Tulisan ini akan menguraikan 4 poin tentang Community Organizing dan Community Development (CD), yakni (1) Perubahan alur pemikiran CO ke arah intervensi
komunitas, (2) Kritik terhadap CO, (3) Salah satu penerapan intervensi
komunitas dalam bentuk kegiatan pengembangan masyarakat, dan (4) Penerapan
kegiatan pengembangan masyarakat dalam kaitannya dengan pemikiran CO. Keempat
pokok ini akan dibahas dalam dua sub-judul di bawah ini.
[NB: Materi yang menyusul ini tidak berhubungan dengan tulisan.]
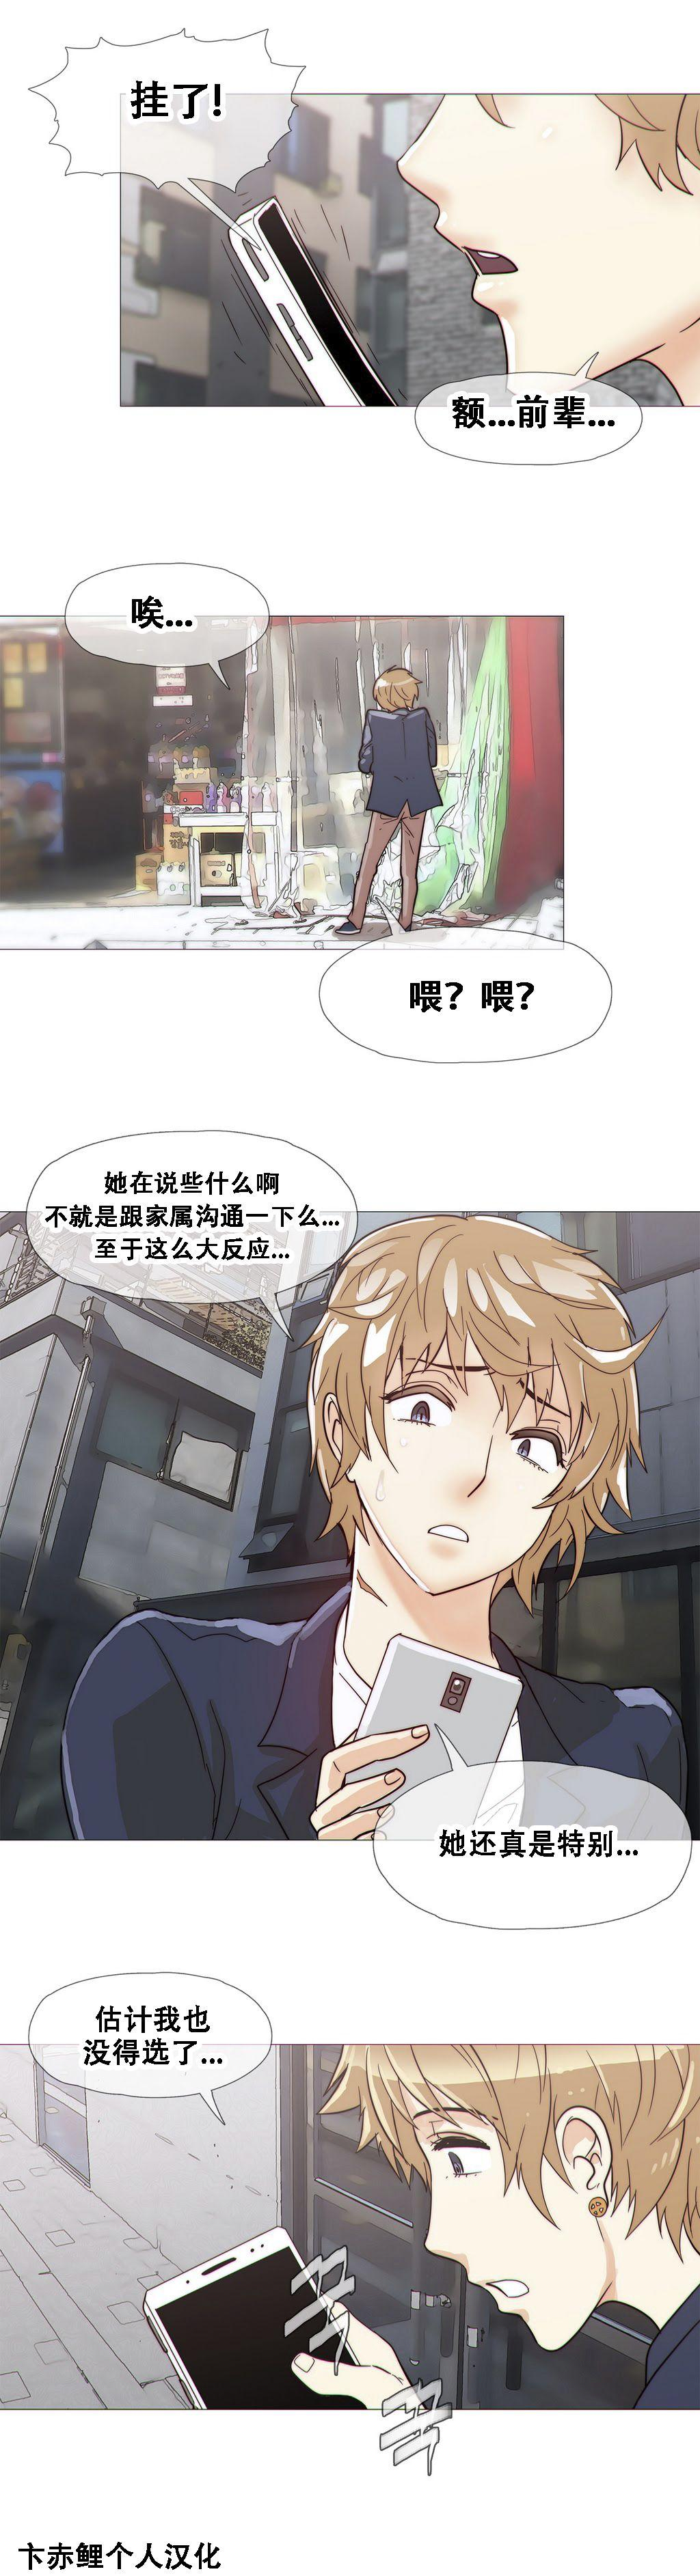 HouseHold Affairs 【卞赤鲤个人汉化】1~33话(持续更新中) 411

Pengorganisasian Masyarakat
1. Definisi Pengorganisasian
Masyarakat
Pengertian Pengorganisasian Masyarakat dapat ditemukan dalam
tulisan Dave Beckwith & Cristina Lopez (1997), yang dikutip oleh Wicaksono
& Darusman (2001), CO dapat didefinisikan sebagai :
“Proses membangun kekuatan dengan melibatkan konstituen sebanyak
mungkin melalui proses menemukenali ancaman yang ada secara bersama-sama,
menemukenali penyelesaian-penyelesaian yang diinginkan terhadap ancaman-ancaman
yang ada; menemu-kenali orang dan struktur, birokrasi, perangkat yang ada agar
proses penyelesaian yang dipilih menjadi mungkin dilakukan, menyusun sasaran
yang harus dicapai; dan membangun sebuah institusi yang secara demokratis
diawasi oleh seluruh konstituen sehingga mampu mengembangkan kapasitas untuk
menangani ancaman dan menampung semua keinginan dan kekuatan konstituen yang
ada.”
Pengorganisasian masyarakat di sini dimengerti sebagai suatu
proses pembangunan kekuatan yang melibatkan berbagai pihak dalam menggali
persoalan yang terjadi di masyarakat dengan potensi-potensi yang ada dan
melakukan intervensi agar terjadi perubahan ke arah yang lebih baik. Ada tiga
hal yang terkait dalam pengertian pengorganisasian masyarakat ini, yakni (1)
ada persoalan dan potensi untuk penyelesaian masalah, (2) intervensi ke arah
perubahan, dan (3) pihak yang terkait dalam intervensi masyarakat.
Persoalan dalam masyarakat berkaitan dengan
kebutuhan-kebutuhannya dan prioritas dari kebutuhan-kebutuhan tersebut. Karena
itu, kebutuhan-kebutuhan tersebut perlu diidentifikasi dan dikembangkan lebih
lanjut secara bersama-sama untuk pemenuhannya (Munif, 2009).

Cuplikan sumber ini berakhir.